The PEOPLE of the State of Colorado, Plaintiff-Appellee, v. George O. VIGIL, Defendant-Appellant.

No. 25040.

Supreme Court of Colorado, In Department.

November 6, 1972.

Duke W. Dunbar, Atty. Gen., John P. Moore, Deputy Atty. Gen., Tennyson W. Grebenar, Asst. Atty. Gen., Denver, for plaintiff-appellee.

Rollie R. Rogers, Colorado State Public Defender, J. D. MacFarlane, Chief Deputy State Public Defender, John A. Purvis, Deputy State Public Defender, Denver, for defendant-appellant.

HODGES, Justice.

A jury found defendant Vigil guilt of theft over $100 in connection with the theft of several T. V. sets from an appliance store. On appeal, the defendant urges reversal on several grounds, none of which are meritorious. We therefore affirm the judgment of the trial court.

I.

The defendant's main argument for reversal is that he was convicted solely on the *419 basis of circumstantial evidence which was insufficient, as a matter of law, to sustain his conviction.

In order to convict a person on circumstantial evidence alone, the facts and circumstances must be such as to be inconsistent upon any reasonable hypothesis with the innocence of the person charged. Ziatz v. People, 171 Colo. 58, 465 P.2d 406 (1970). See also Maynes v. People, 169 Colo. 186, 454 P.2d 797 (1969).

It is also a general rule that for purposes of review, when a defendant has claimed that the evidence is insufficient to convict, an appellate court should view the evidence in a light most favorable to the prosecution. Southard v. People, Colo., 483 P.2d 962 (1971) and Bennett v. People, 155 Colo. 101, 392 P.2d 657 (1964). Ancillary to the foregoing rule, an appellate court must not upon review sit as a 13th juror and set aside a verdict because it might have drawn a different conclusion from all the evidence. Mathis v. People, 167 Colo. 504, 448 P.2d 633 (1968).

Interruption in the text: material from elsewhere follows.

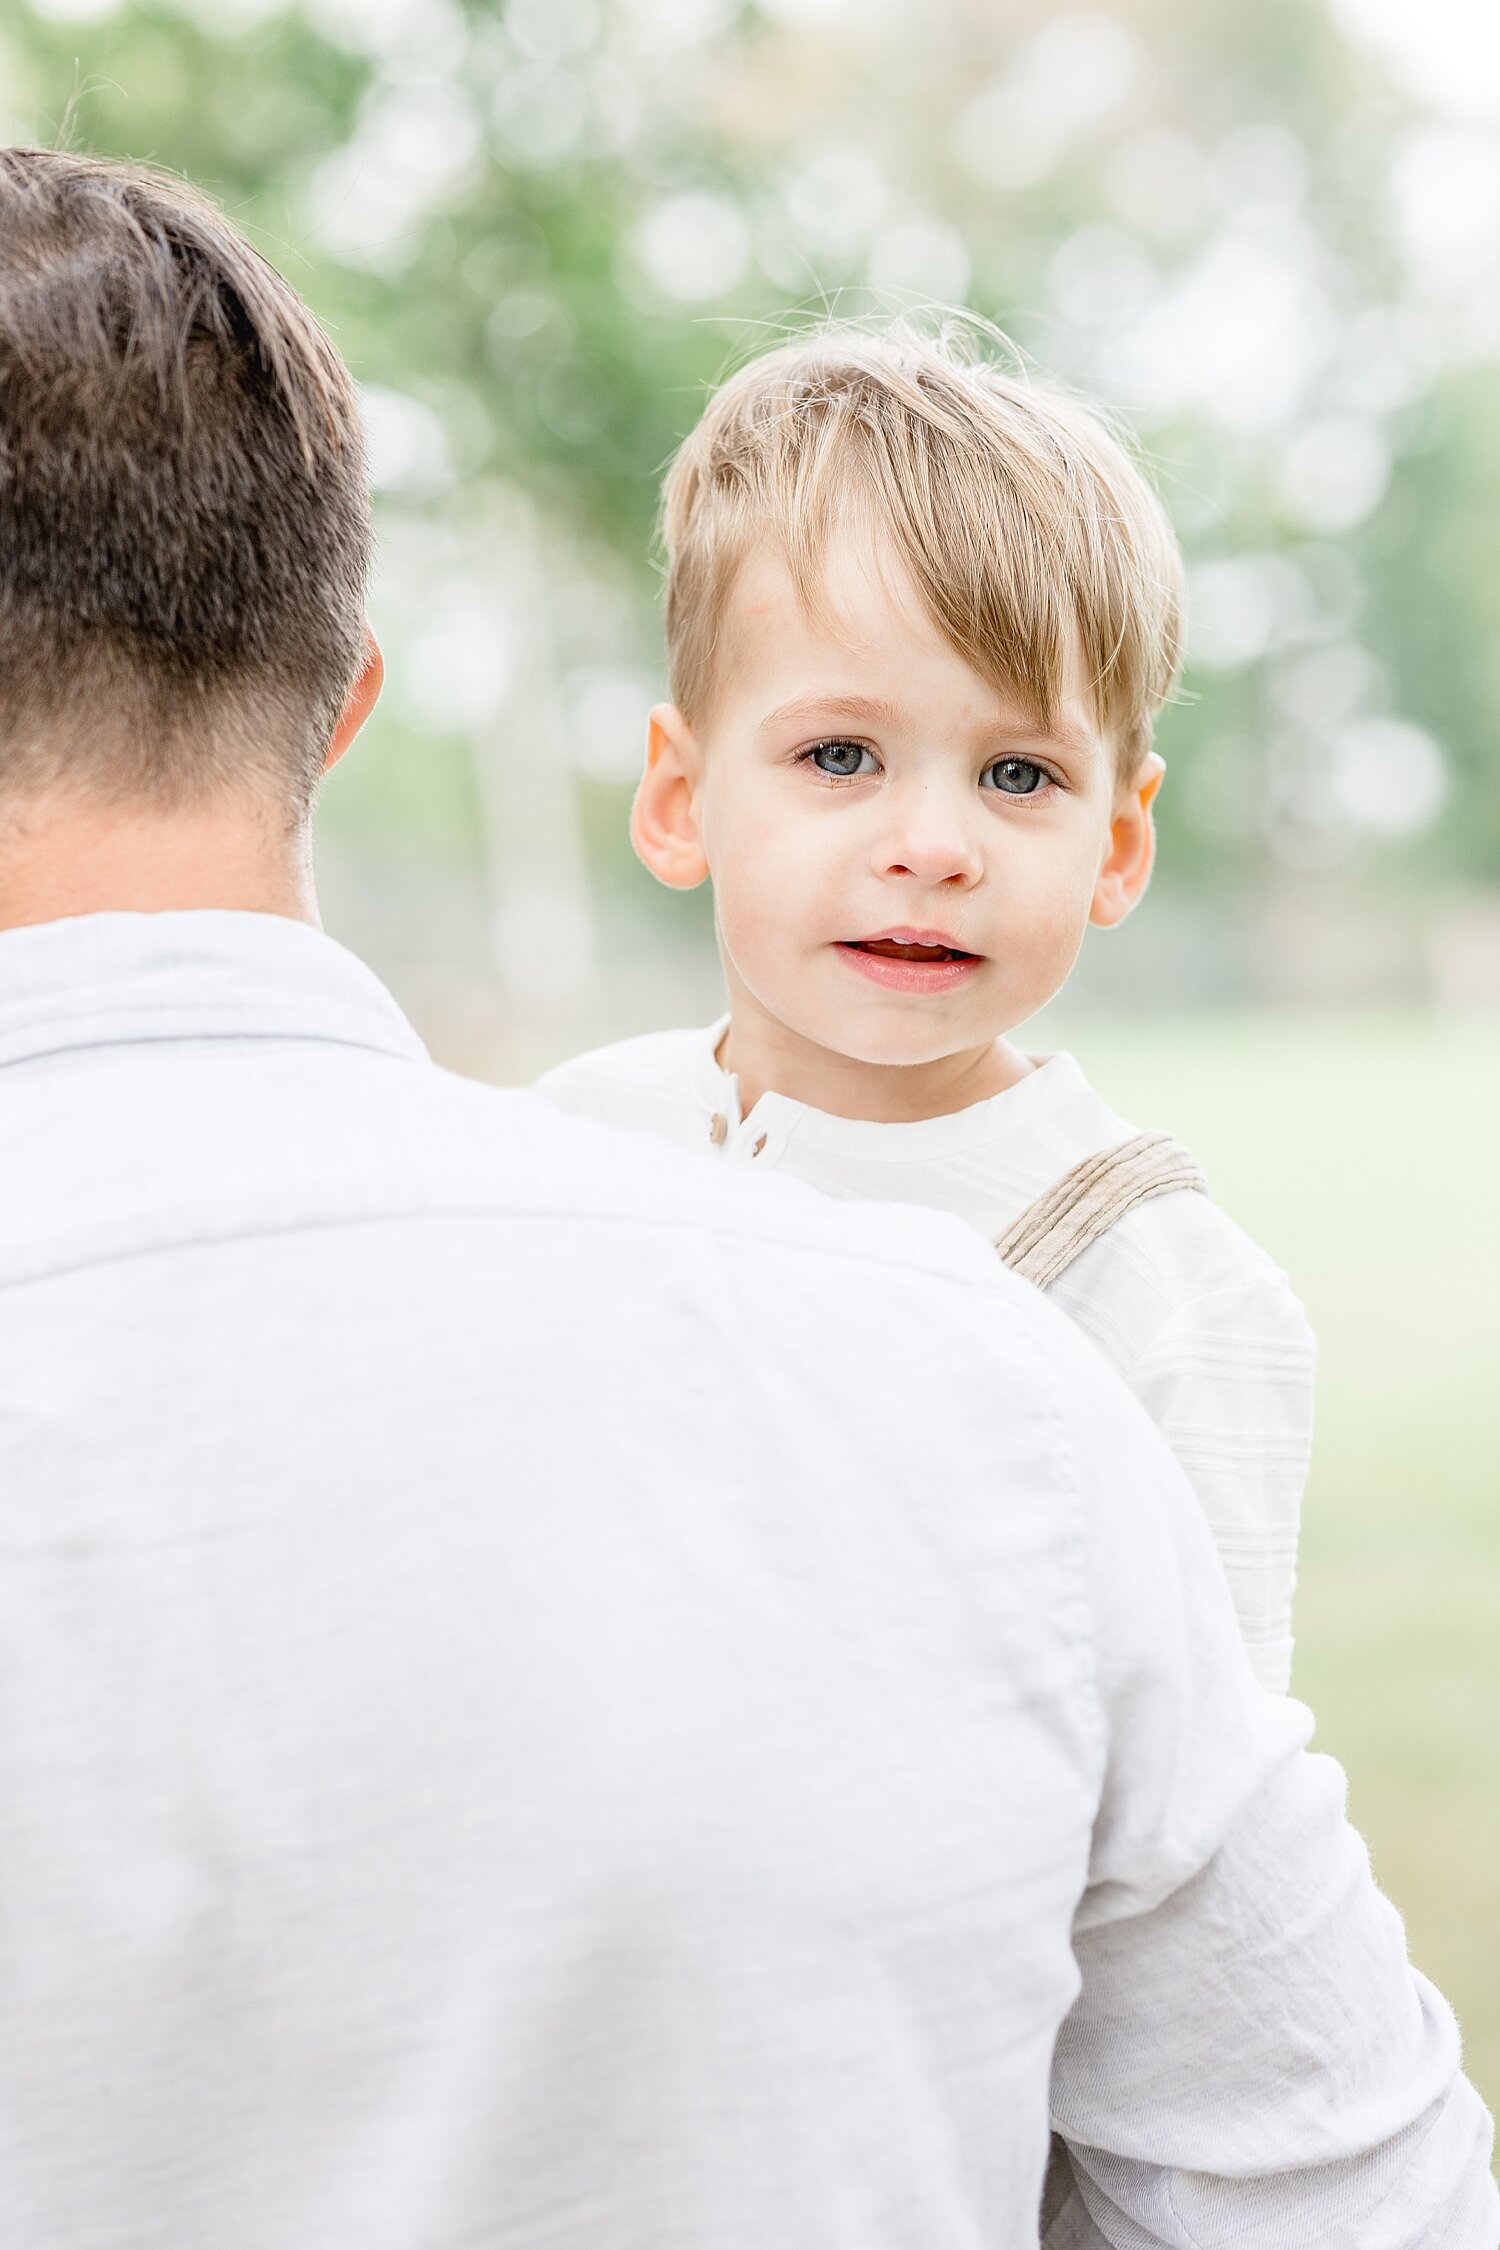 Father and son photo | Kristin Wood Photography

In light of the foregoing rules of law, the evidence in this case has been scrutinized. The evidence presented reveals that the automobile used to transport the stolen items was observed near the scene of the theft and pursued by the police. Shortly thereafter, this vehicle was found abandoned with the stolen T. V. sets contained therein. It was shown that the defendant was the owner of this vehicle and that the driver at the time of the theft matched the defendant's description. When the automobile was abandoned, the police observed two men jump from it and run. In the approximate area where the automobile was abandoned, the defendant and another person were observed under furtive circumstances.

The evidence was sufficient to support the jury's verdict.

II.

The remaining assignments of error are premised on matters upon which the defendant during trial failed to make a contemporaneous objection. We further note that the defendant also failed to mention most of these alleged errors in his motion and argument for a new trial.

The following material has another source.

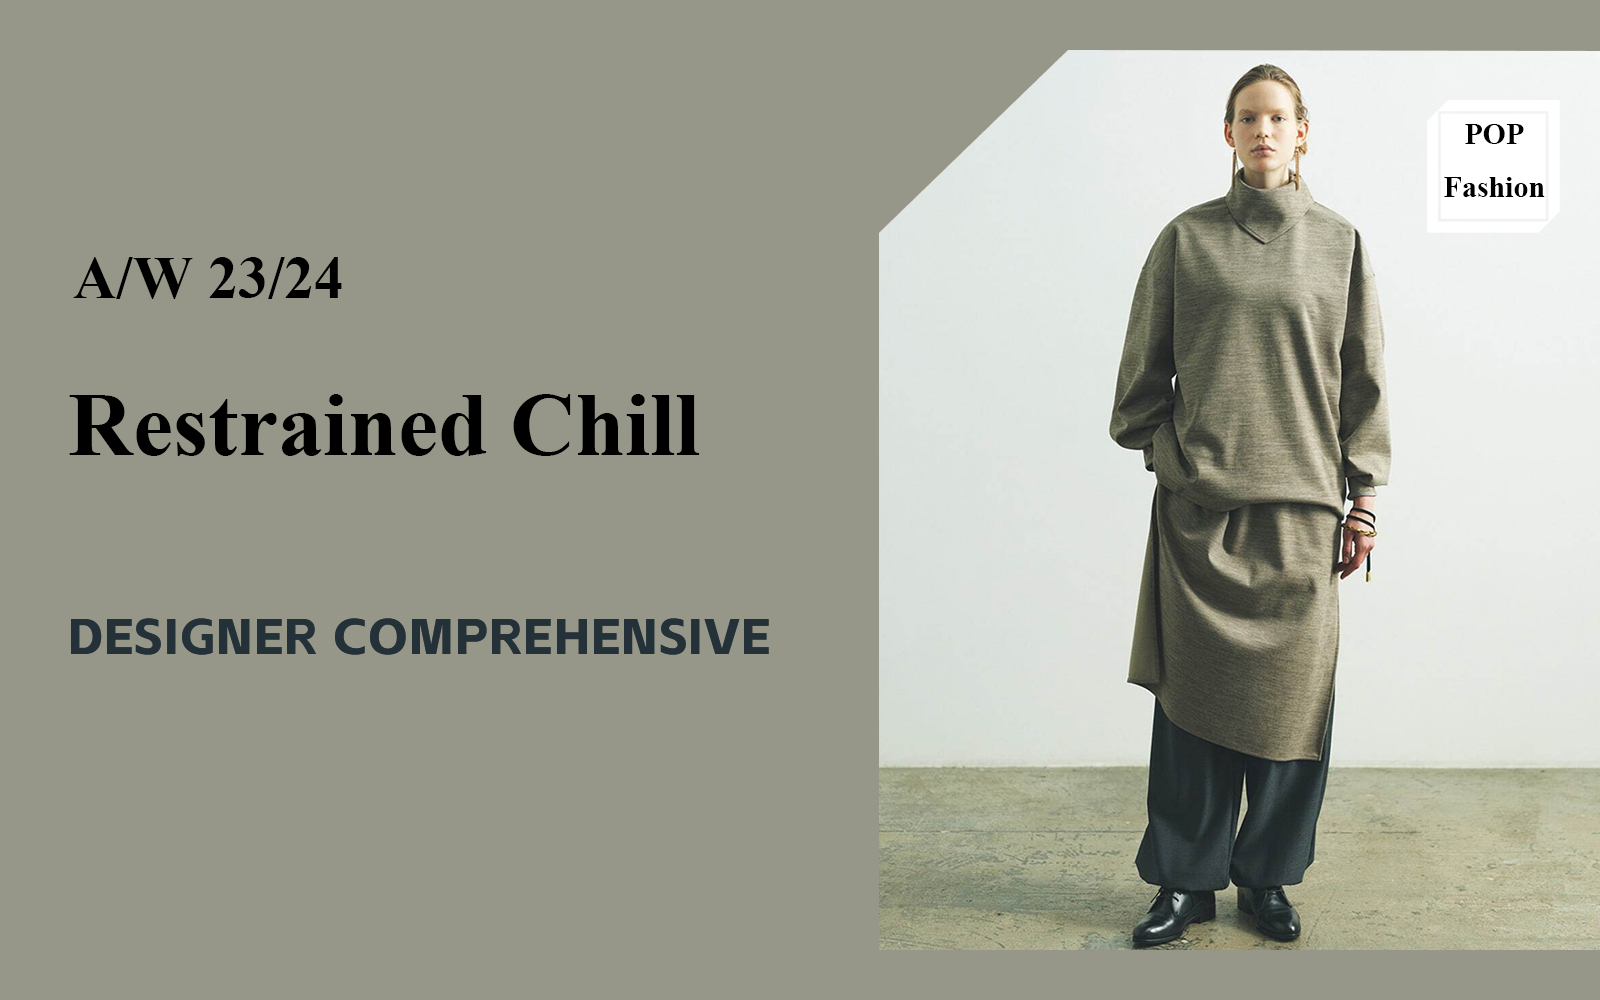 Restrained Chill -- The Comprehensive Analysis of Womenswear Designer Brand

This court has consistently followed the rule that a lack of contemporaneous objection at the time of trial constitutes a waiver of any objections to the admission of evidence and the issues may not be raised on appeal; and, if they are, they will not be considered unless the errors are so fundamental as to seriously prejudice the basic rights of a defendant. Larkin v. People, Colo., 493 P.2d 1 (1972). See also Crespin v. People, Colo., 488 P.2d 876 (1971) and People v. Smith, 173 Colo. 10, 475 P.2d 627 (1970).

Our examination of these assignments of error reveals clearly that they are not of that fundamental character which would justify us to consider them in depth. Furthermore, we note that even though these matters may have involved some error, they are not of such a nature as to be classified as reversible errors. In our view, if error existed with respect to any deficiency in the manner in which evidence was presented as to a certain statement by the defendant, the error was harmless under the rule of Chapman v. California, 386 U.S. 18, 87 S. Ct. 824, 17 L. Ed. 2d 705 (1967) and Harrington v. California, 395 U.S. 250, 89 S. Ct. 1726, 23 L. Ed. 2d 284 (1969).

Judgment affirmed.

PRINGLE, C. J., and DAY and GROVES, JJ., concur.